No último sábado, dia 17, um homem vestindo um uniforme de uma empresa de segurança particular, sacou uma faca e atacou sistematicamente 9 pessoas em um centro comercial, para uma de suas vítimas ele chegou a perguntar se a mesma era muçulmana. O ataque só cessou quando Jason Falconer, sacou sua pistola e matou o terrorista, impedindo, sem a menor dúvida, que pessoas morressem. Em todos os noticiários no Brasil e no exterior o herói foi qualificado como “um policial de folga”... O que a imprensa fez questão de NÃO dizer é que:

1)    Ele foi – passado, friso aqui - chefe de polícia e hoje atua apenas como oficial part-time ministrando cursos de tiro para a instituição policial de lá, portanto, ele não era um “policial de folga”;

2)     É instrutor credenciado pela NRA - National Rifle Association, a maior e mais poderosa entidade pró-armas do mundo;

3)    Falconer é um ativista de destaque pelo direito do cidadão de portar e possuir armas para sua defesa;

4)    Ele é dono de uma empresa de treinamento de tiro que prepara e incentiva cidadãos comuns para usar e portar armas de fogo;

5)    É um atirador esportivo na modalidade chamada IPSC.
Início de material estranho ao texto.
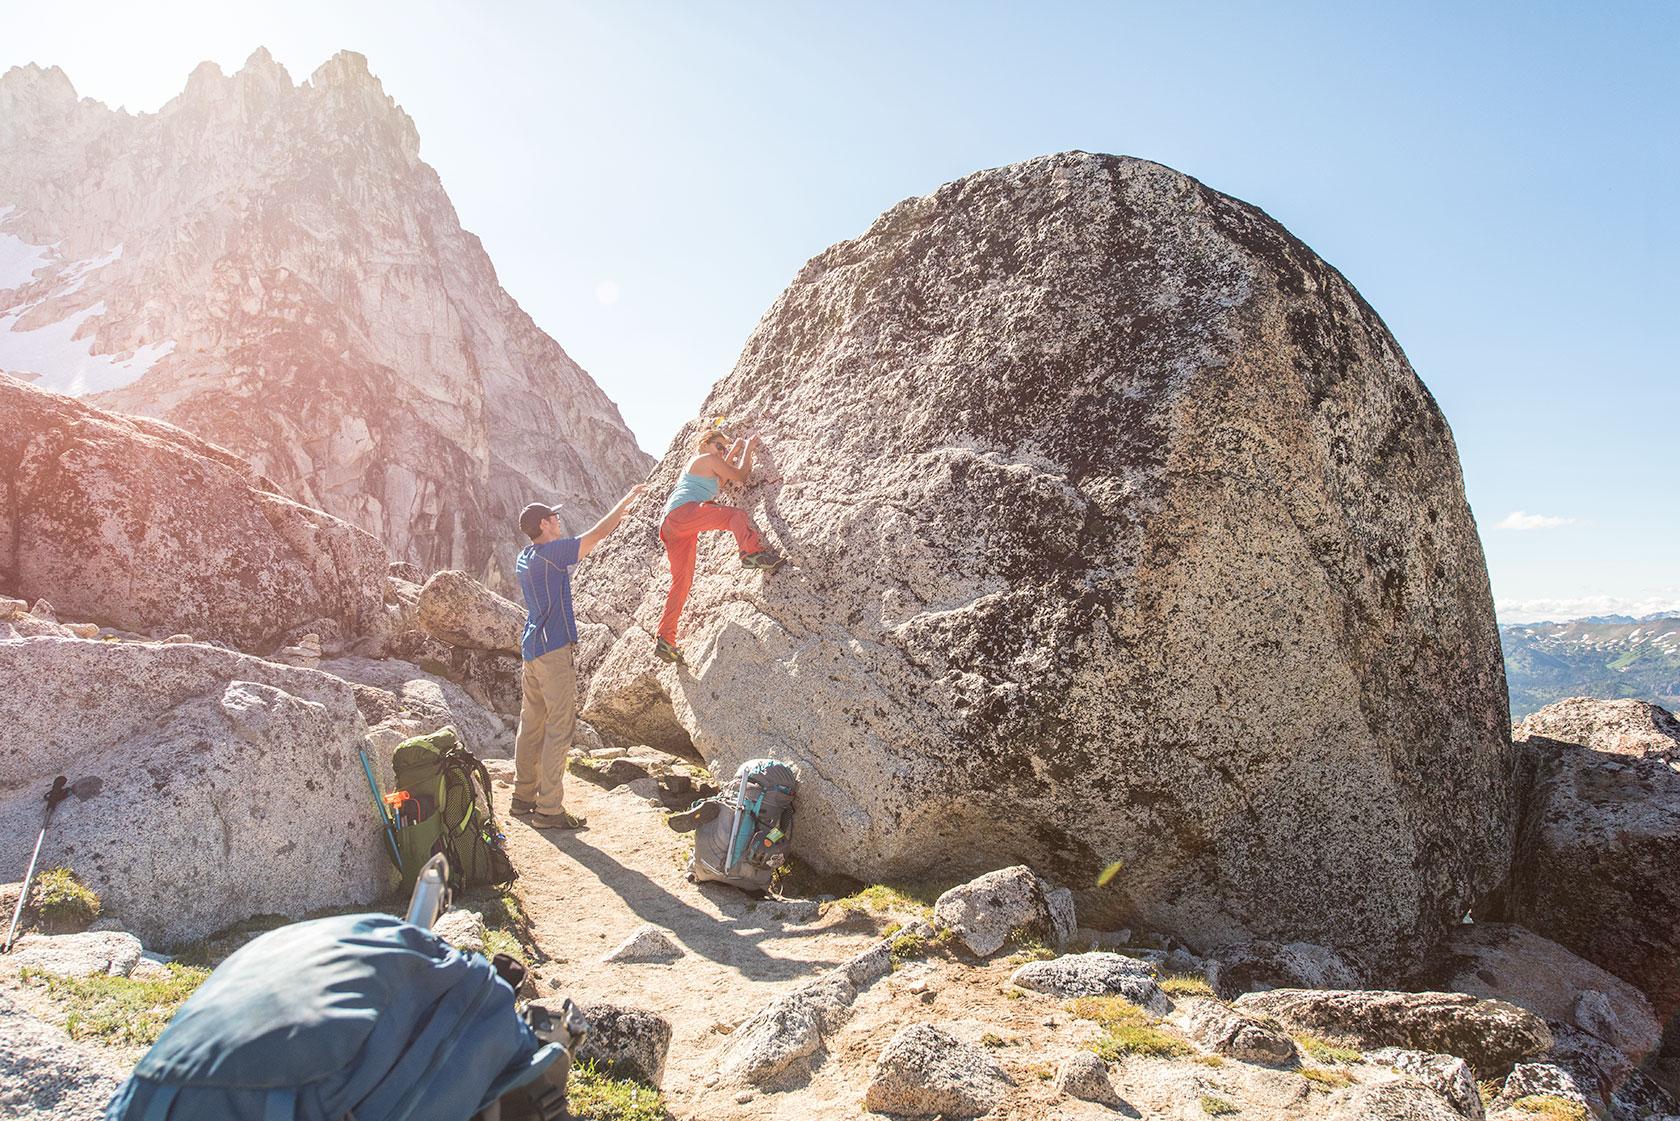 austin-trigg-osprey-hiking-backpacks-rock-climbing-hike-camp-washington-adventure-product-lifestyle-outdoor-enchantments.jpg

Como vocês podem ver, velhacamente, varreram para baixo do tapete o currículo “politicamente incorreto” do homem que matou o facínora e salvou sabe-se lá quantas vidas. Não interessa aos desarmamentista mais essa prova cabal de que um cidadão treinado, consciente e disposto não é uma ameaça à sociedade e sim um agente de pacificação e proteção em uma realidade inconteste de que os agentes de segurança nunca estarão em todos os locais, em todos os momentos.